Хемда, которая в это время перебирала просо, недобро посмотрела сначала на Агаву, затем на Шели.
— Пока она рабыня — пусть будет
Шели вспыхнула:
— Да как ты не понимаешь, царский полк не сегодня-завтра будет в Ниневии! Так ты хочешь встретить наших мужчин? Ссорами и склоками?
— Делай что хочешь, — неожиданно уступила Хемда.
Шели и сама не поверила, что ее каприз был услышан, и поэтому переспросила:
— Так я возьму ее с собой?
Агава — та самая рабыня, о которой они спорили, — появилась в их доме пару месяцев назад, как только в Ниневии появились первые рабы из поверженного Тиль-Гаримму.

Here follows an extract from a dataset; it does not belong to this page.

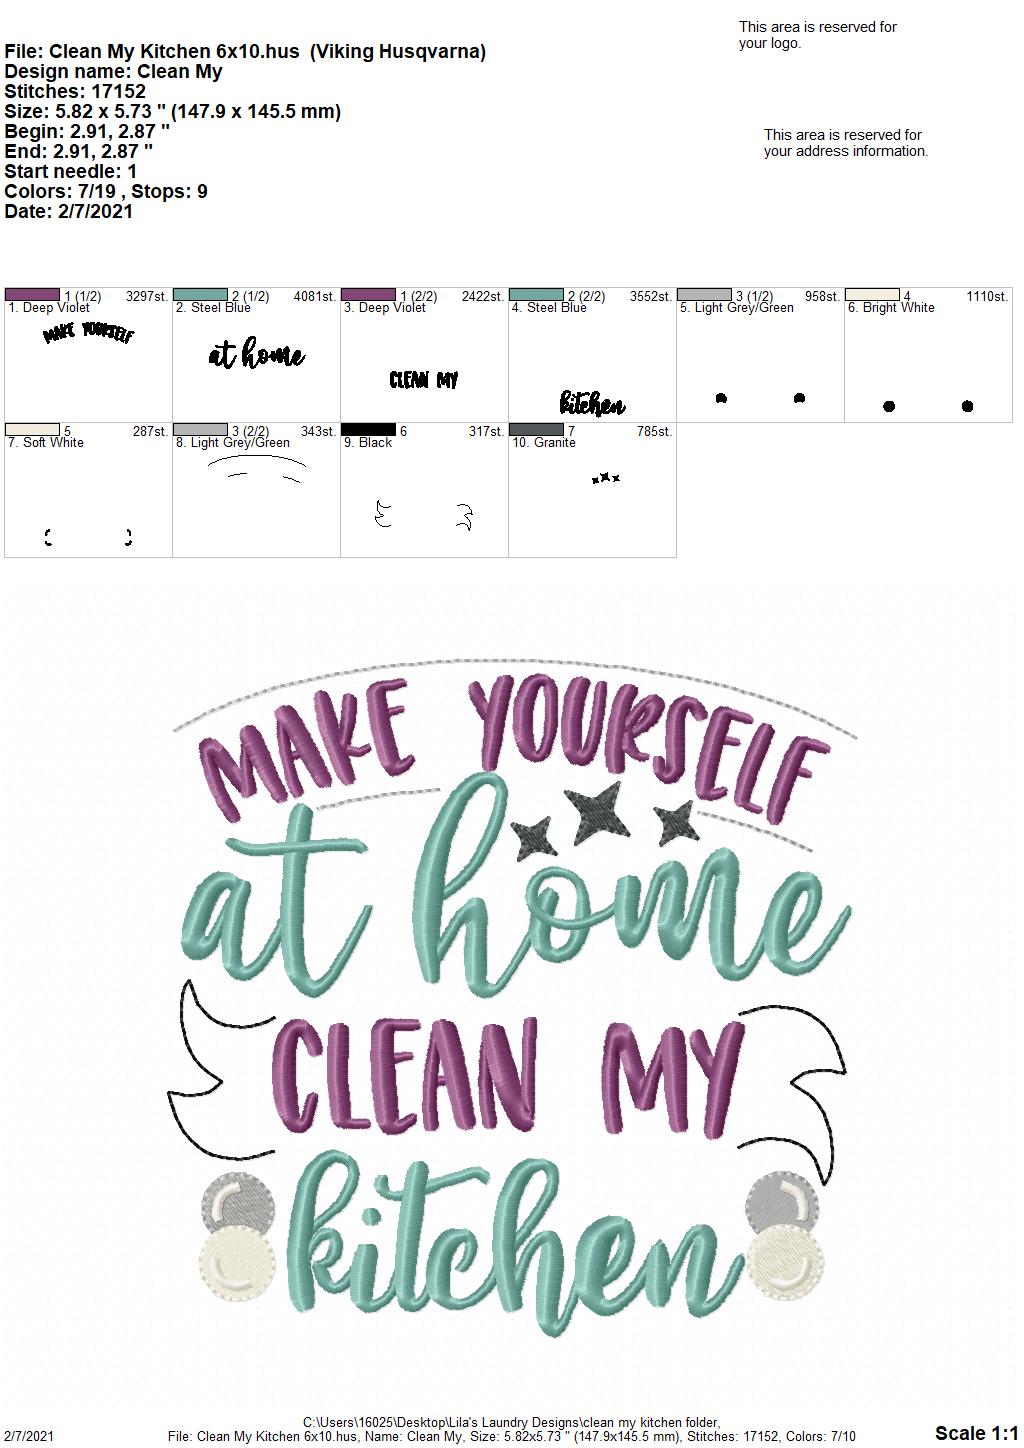 Clean My Kitchen - 3 sizes- Digital Embroidery Design
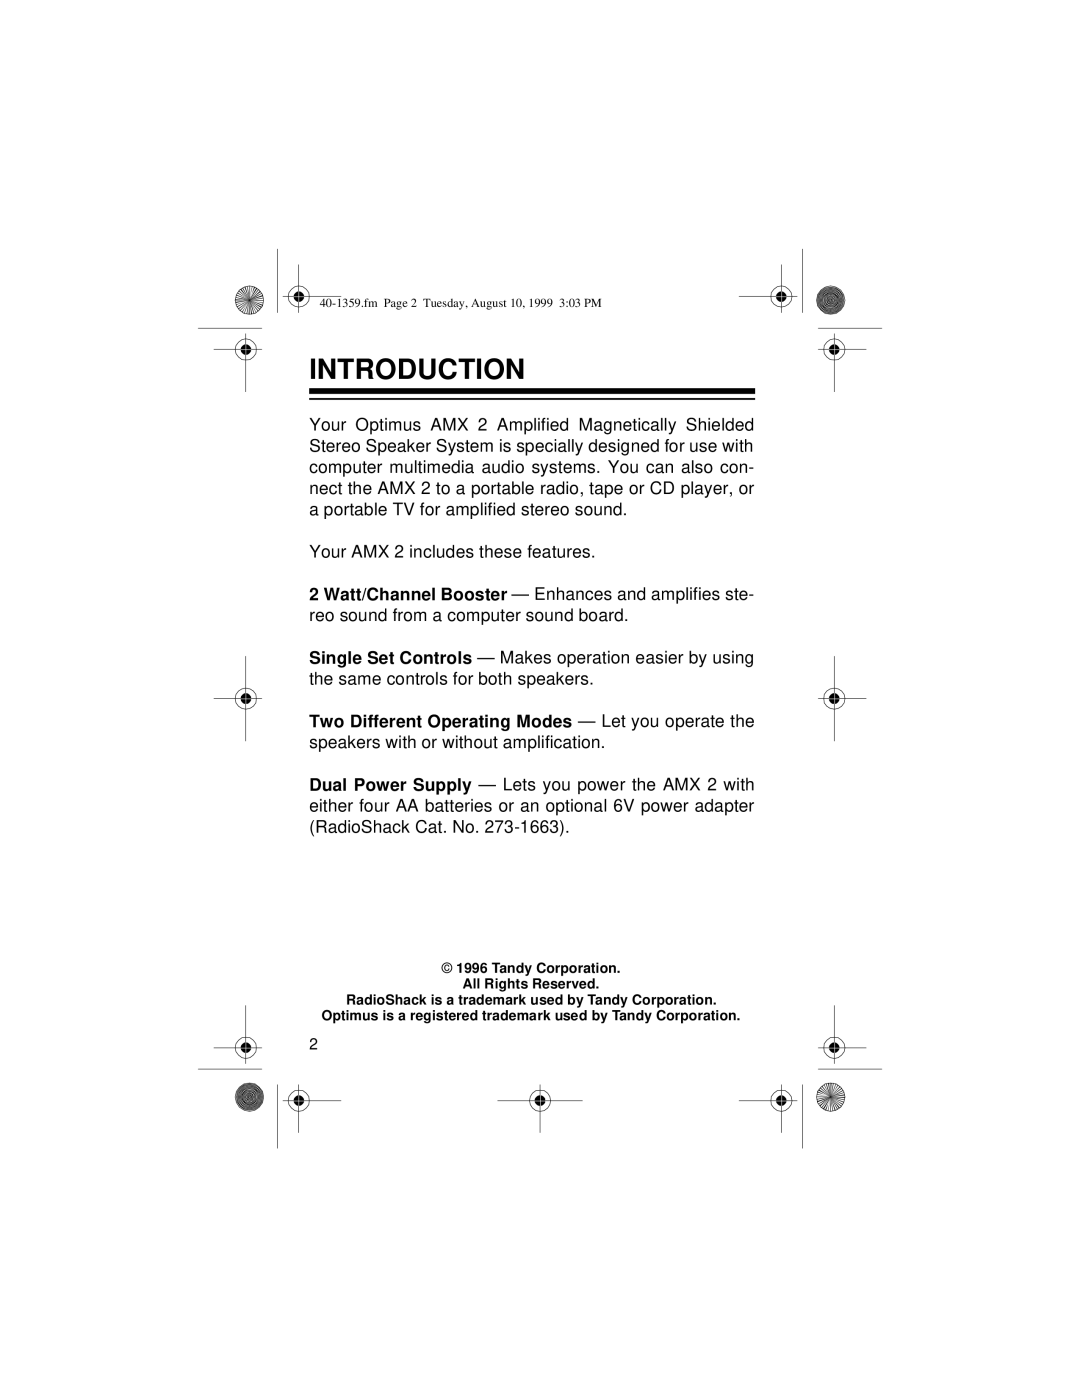 Panasonic AMX 2 owner manual Introduction

Худенькая, невысокая, бледная, с вымученной улыбкой, она заворожила Варду своими глазами. У нее были удивительные глаза — огромные и чистого синего цвета, как будто в них застыло отражение цветка Аполлона Дельфийского11. В последнее время их не покидали слезы. Каким хрупким может быть счастье…
Этим летом она должна была выйти замуж за подмастерья своего отца, бедного кузнеца из Тиль-Гаримму. Не по расчету, по любви, что подарила ей столько радости в последние месяцы. И вышла бы, если б не война, осада и смерть, ворвавшиеся в ее жизнь. Где теперь ее отец, где мать, где суженый? Живы ли? Она ничего не знала о них с той самой минуты, когда в дом ворвались ассирийцы. Их было четверо. Увидев девушку, они набросились на нее как голодные волки на добычу, швырнули на стол, сорвали с нее одежды… Она отбивалась, кричала, царапалась, пыталась кусаться… Кому-то из них даже прокусила до крови руку, но это только разозлило ассирийца, и он закричал:
«Да держите же ее!»
Один из воинов, встал у нее над головой и схватил за руки; двое других развели в стороны ее ноги, а тот, которого она укусила, уже снял с себя штаны. Но когда он навалился сверху и попытался поцеловать ее, Агава вдруг перестала сопротивляться и беззвучно заплакала.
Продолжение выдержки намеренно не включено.